• **DATASET EXCERPT**:
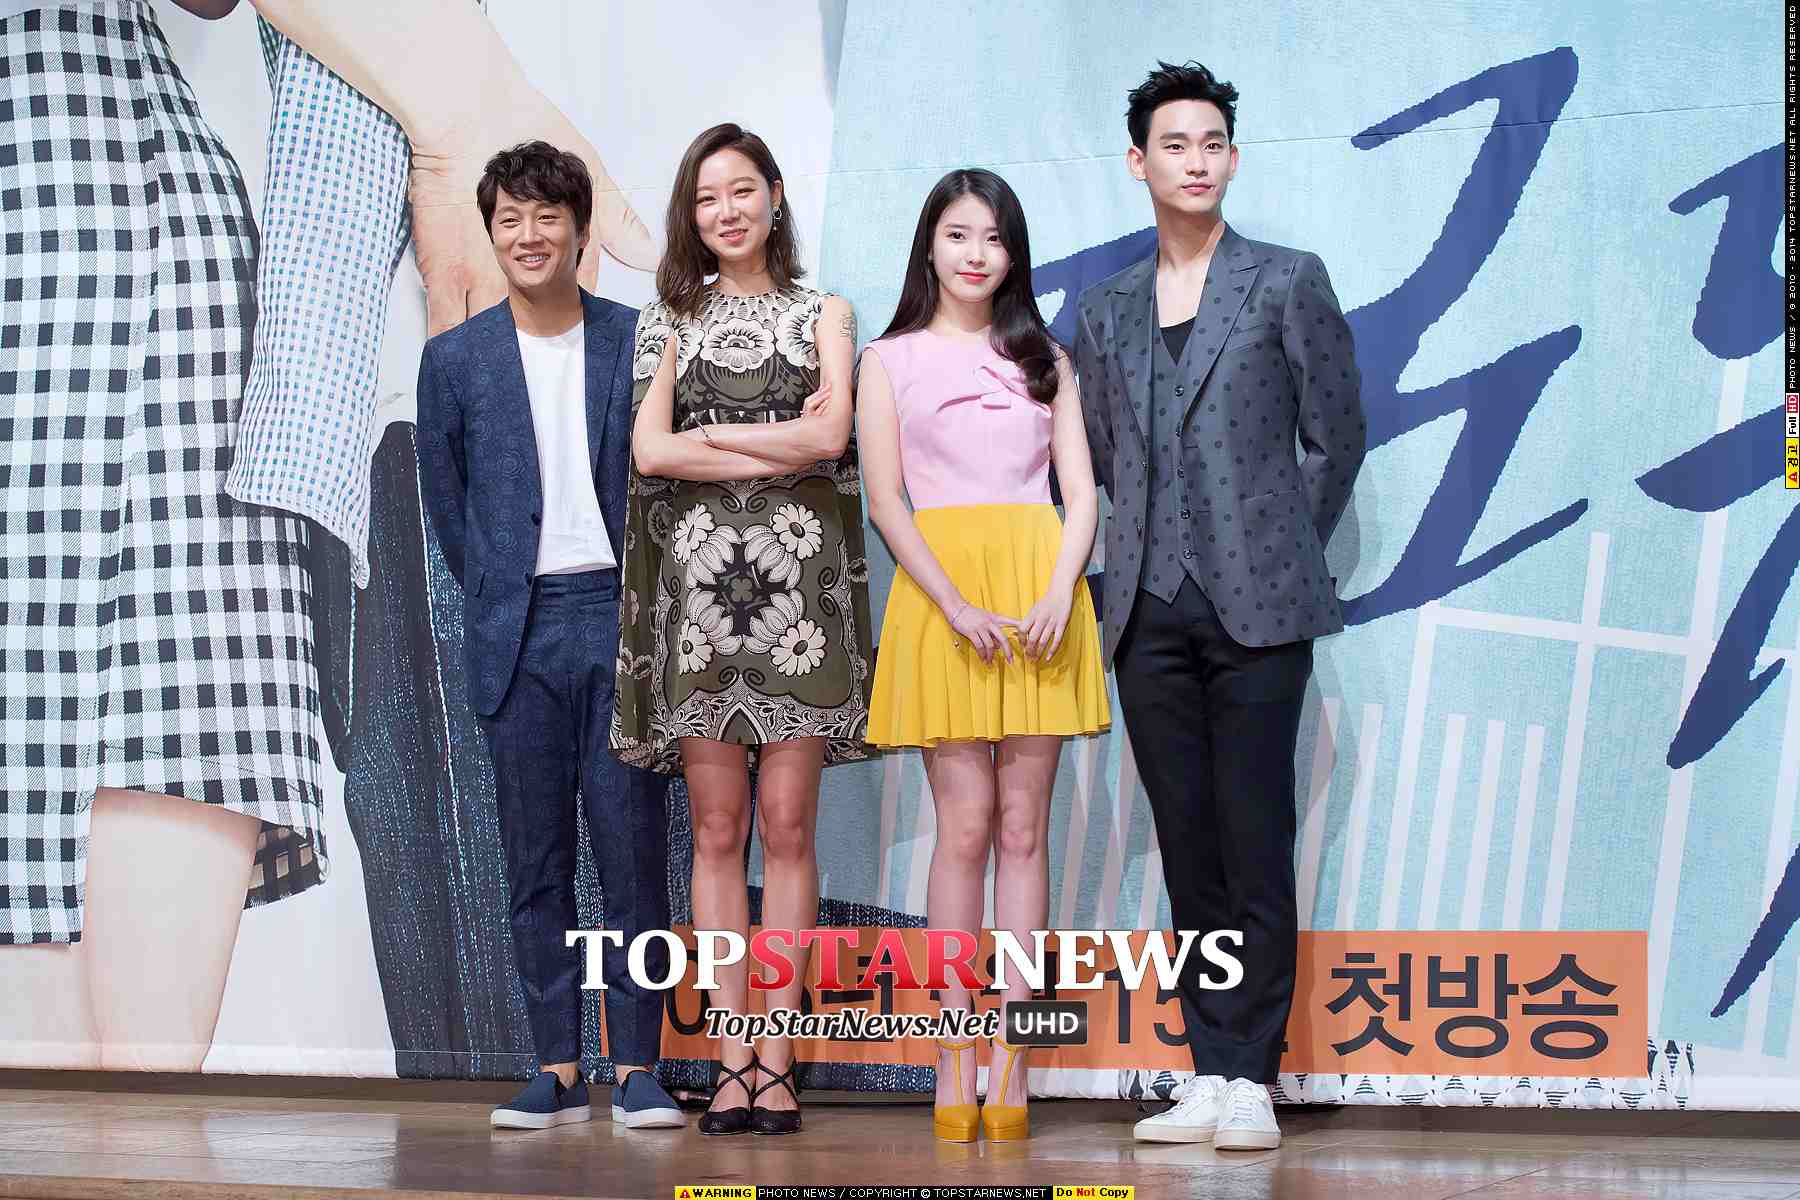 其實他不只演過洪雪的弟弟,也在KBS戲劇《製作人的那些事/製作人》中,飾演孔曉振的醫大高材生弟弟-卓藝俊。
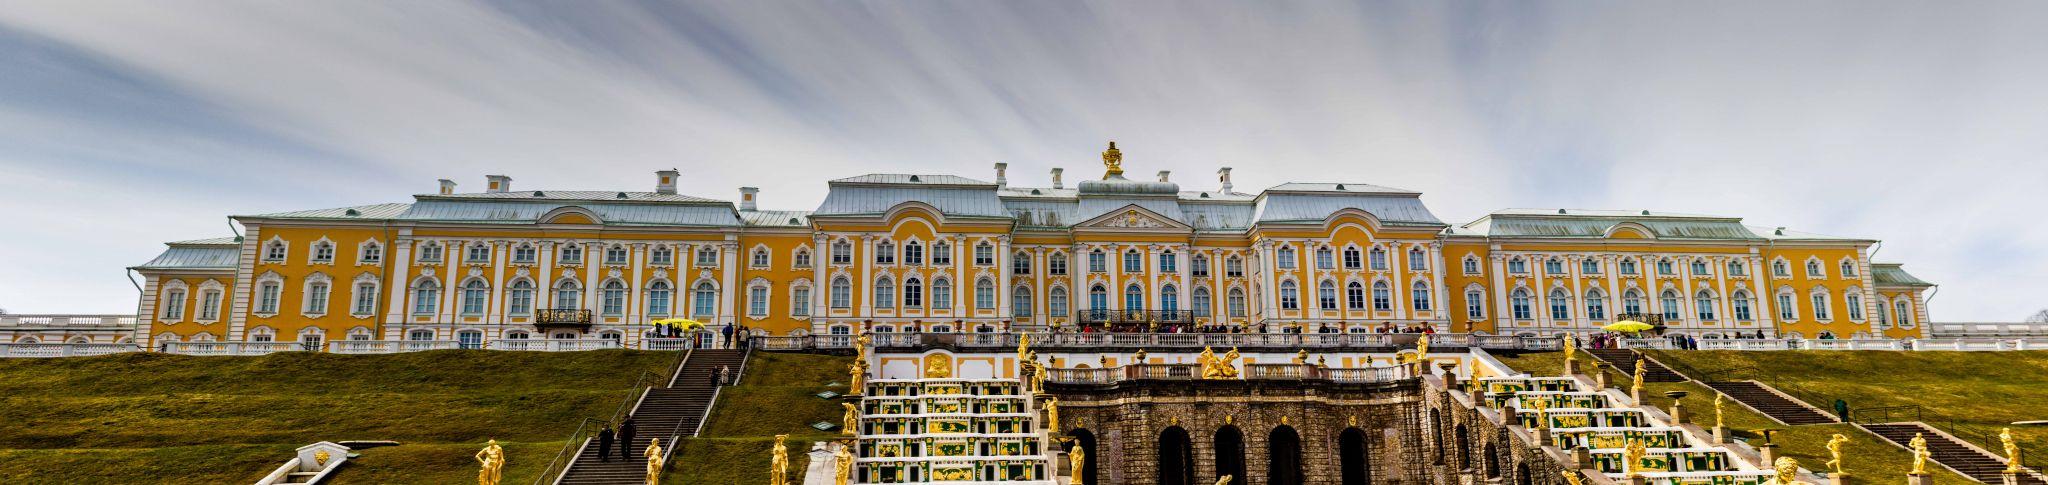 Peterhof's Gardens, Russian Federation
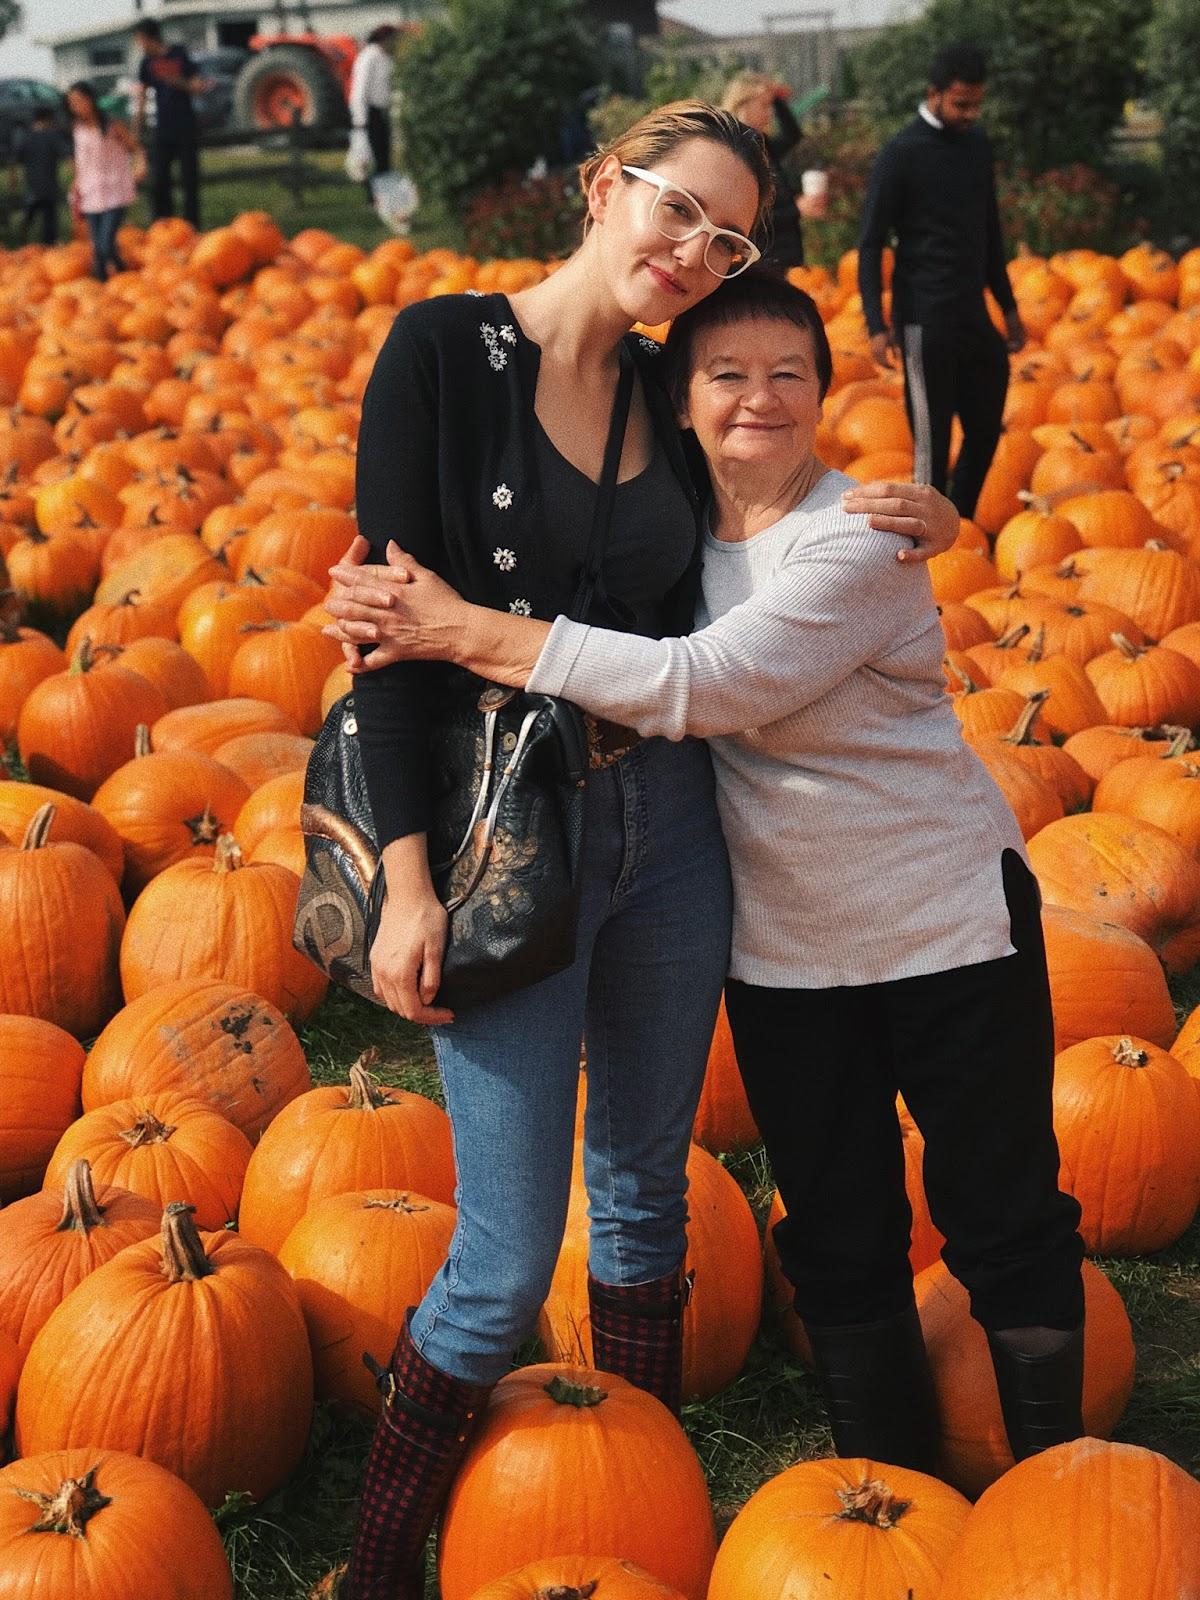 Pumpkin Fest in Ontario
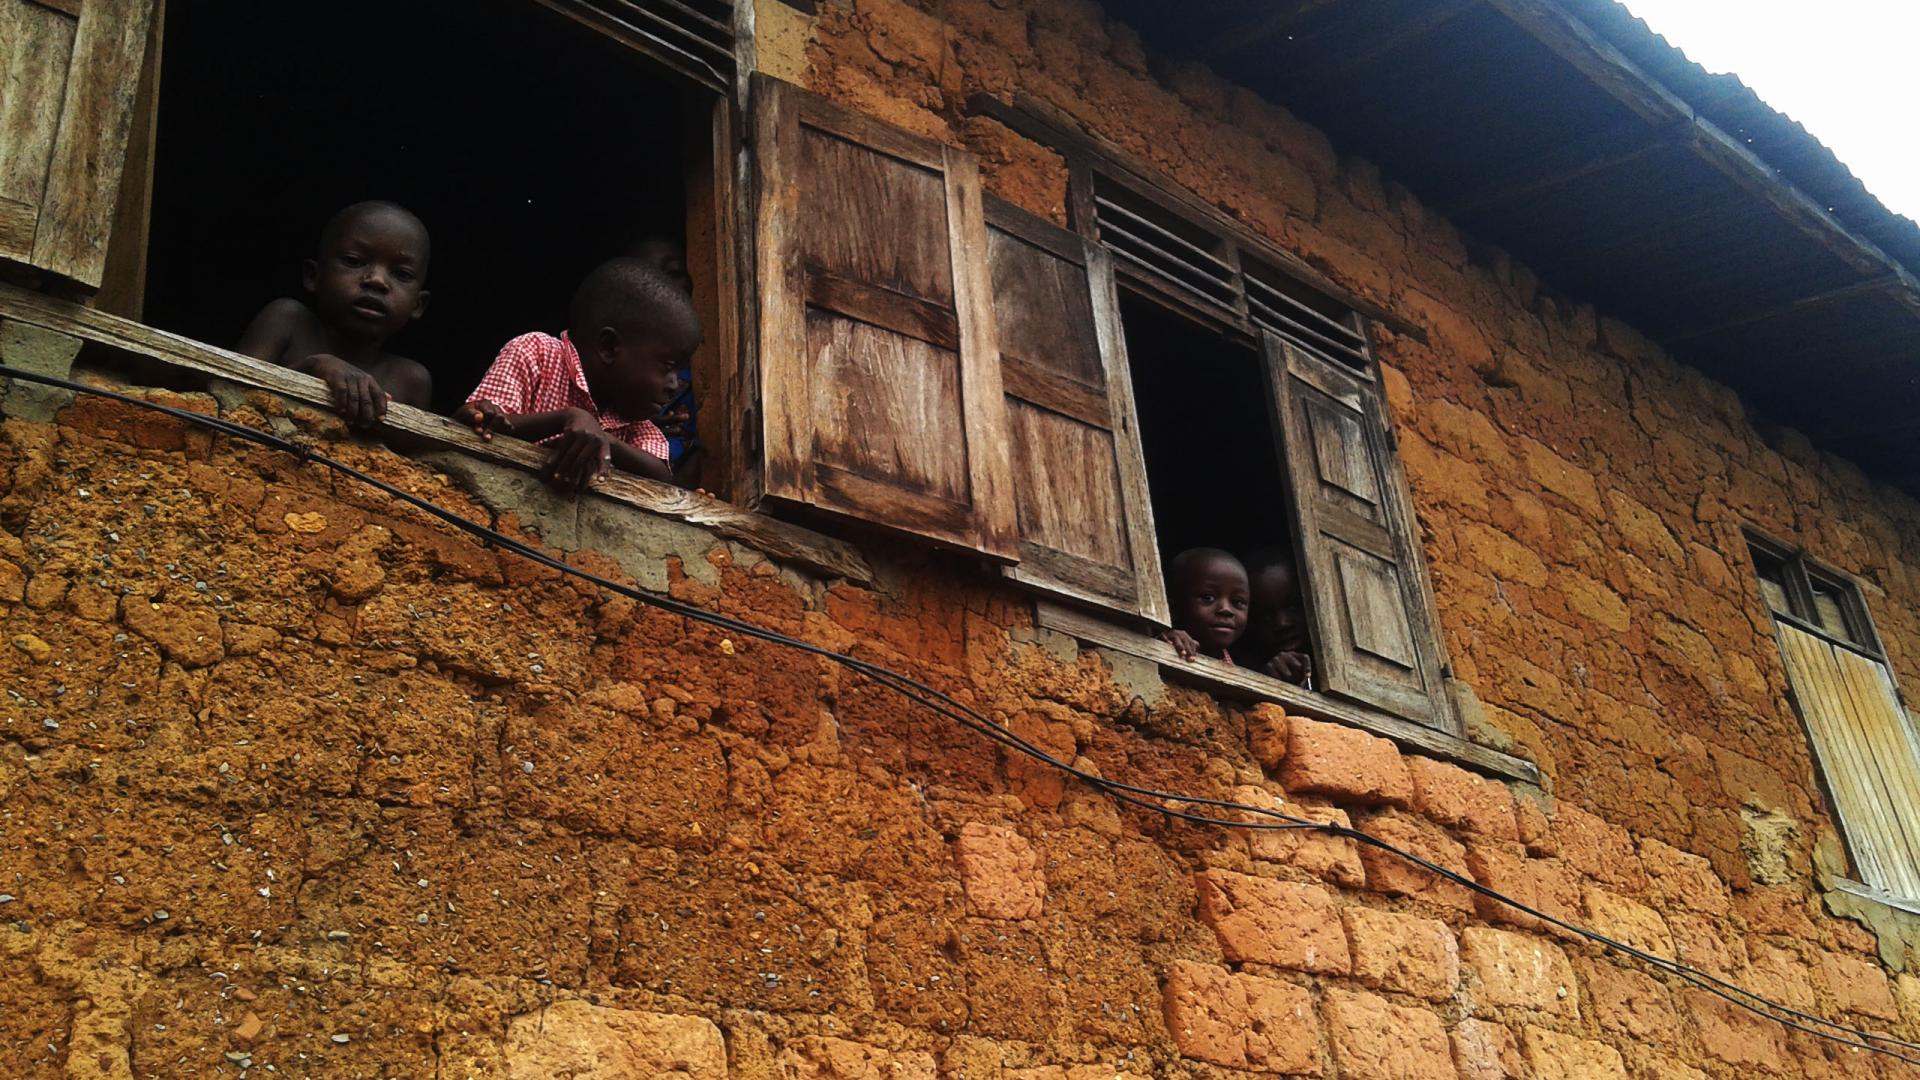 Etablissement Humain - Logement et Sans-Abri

• **EXERCISE GOAL**:
Pictures aside, give the data again exactly as it appears.

• **WRITTEN RESPONSE**:
 其實他不只演過洪雪的弟弟,也在KBS戲劇《製作人的那些事/製作人》中,飾演孔曉振的醫大高材生弟弟-卓藝俊。
 Peterhof's Gardens, Russian Federation
 Pumpkin Fest in Ontario
 Etablissement Humain - Logement et Sans-Abri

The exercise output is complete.